Don Hankey’s website is just a straight flex: the billionaire’s firm displays all its lines of credit and returns (h/t @pomp)
Tessler’s Travails
Yitzchak Tessler is facing foreclosure at his 172 Madison Ave. condo project (Photo: StreetEasy)
Diamonds are forever, but condo projects only last while you service your debt. Diamond 💠 merchant-turned luxury condo developer Yitzchak Tessler is facing foreclosure on his signature New York project at 172 Madison, TRD reports, with distressed RE investor ArcPe looking to recover $62M in debt. The 72-unit tower has 10 remaining pads for sale, including the penthouse (dubbed “Le Penthouse” 🤲).

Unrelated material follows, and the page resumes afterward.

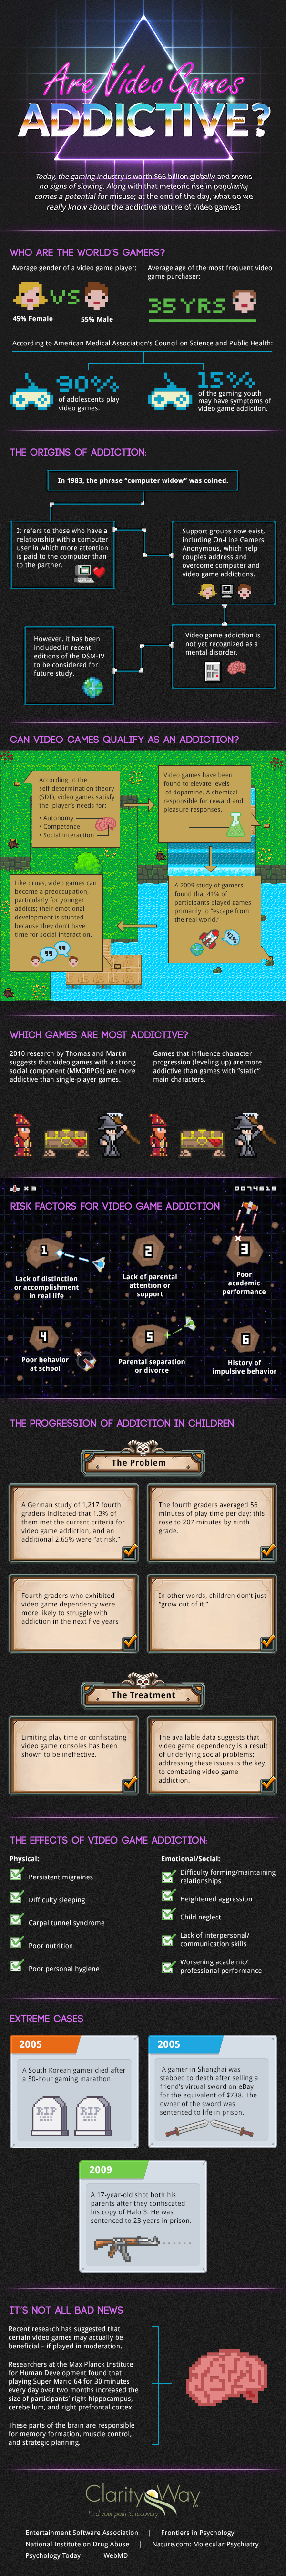 Are Video Games Addictive?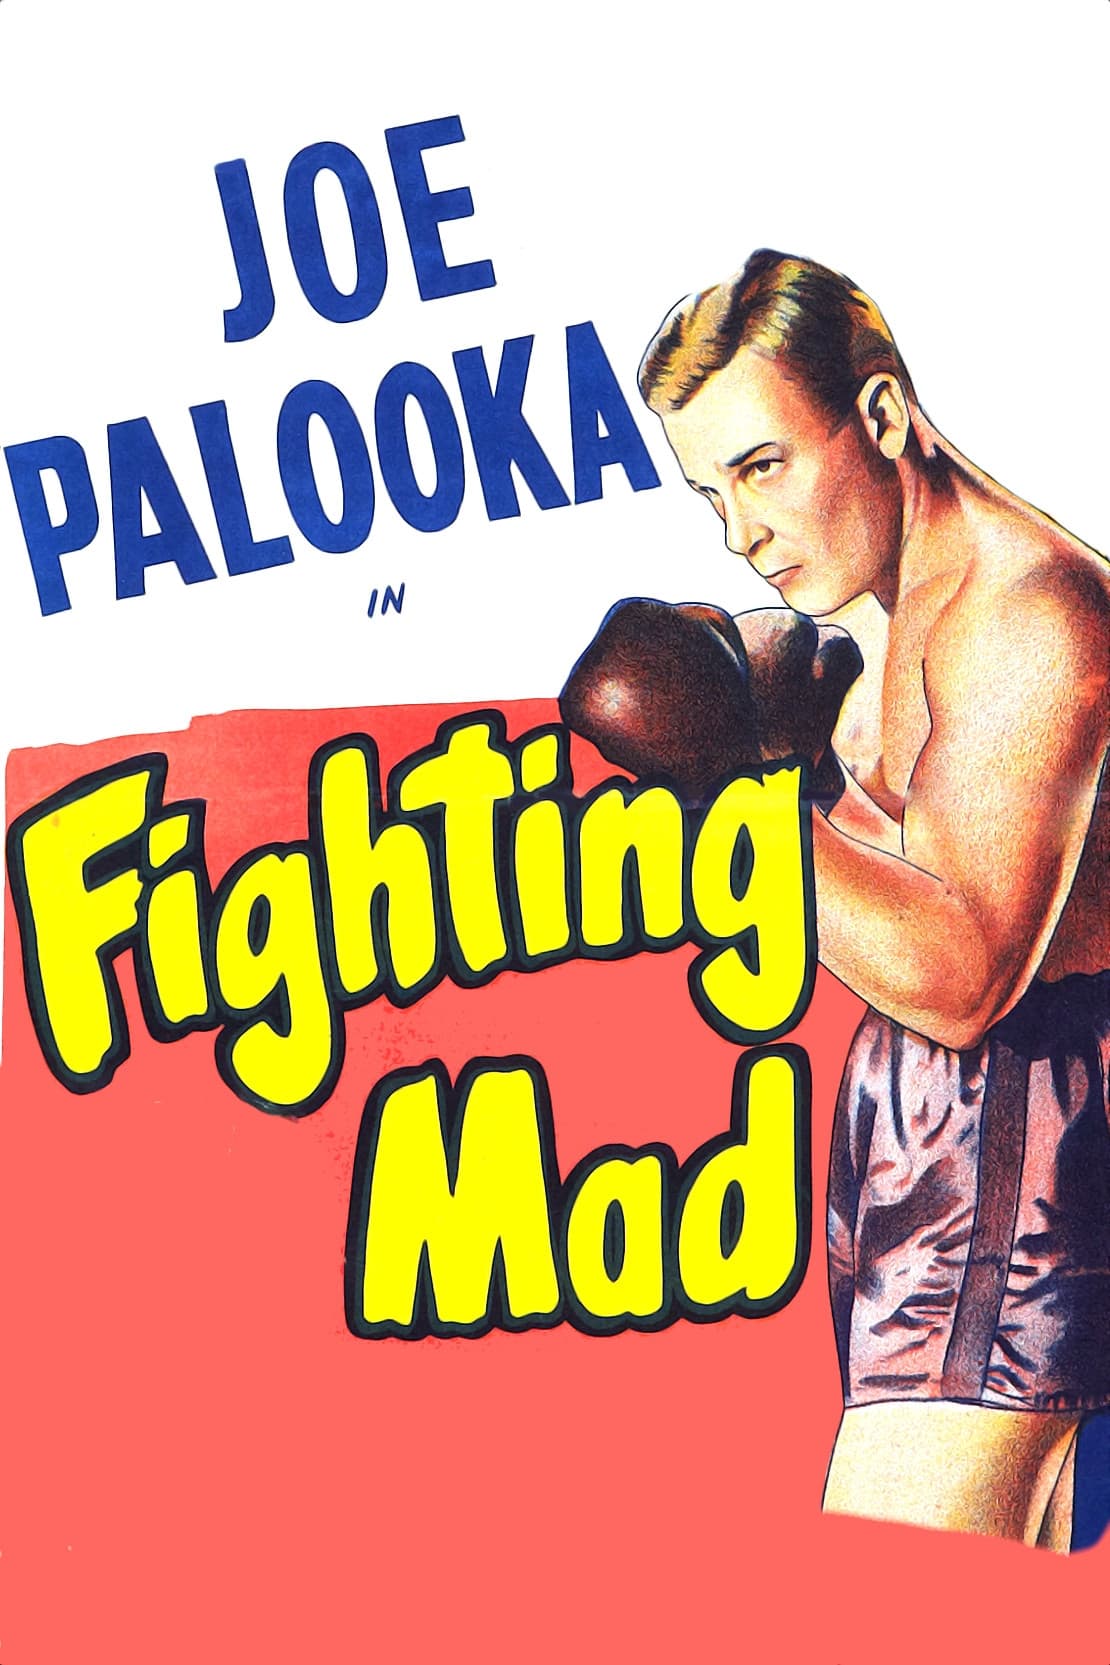 Joe Palooka in Fighting Mad (1948)

“I personally don’t think it’s slow sales,” ArcPe’s David Gordon, who bought the note in January from Deutsche, told the publication. “More than anything right now, I just think he has the penthouses he wants to finish and a lack of money to finish them.” Tessler could still stave off the foreclosure by placing the project into bankruptcy.
Thank You
I would have been happy with 20. Nearly 100 of you showed up throughout the night for The Promote’s first Happy Hour in NYC: longtime sources, friends, new readers, ex-colleagues, even a guy who thought it was an event for my old firm. Thank you so much for the kind words and for coming- I'm really overwhelmed. And I promise that we’re just getting started.
Unquotable Quotes
“It’s a very prominent site, so we felt like a prominent building on that site could really add to delivering value.”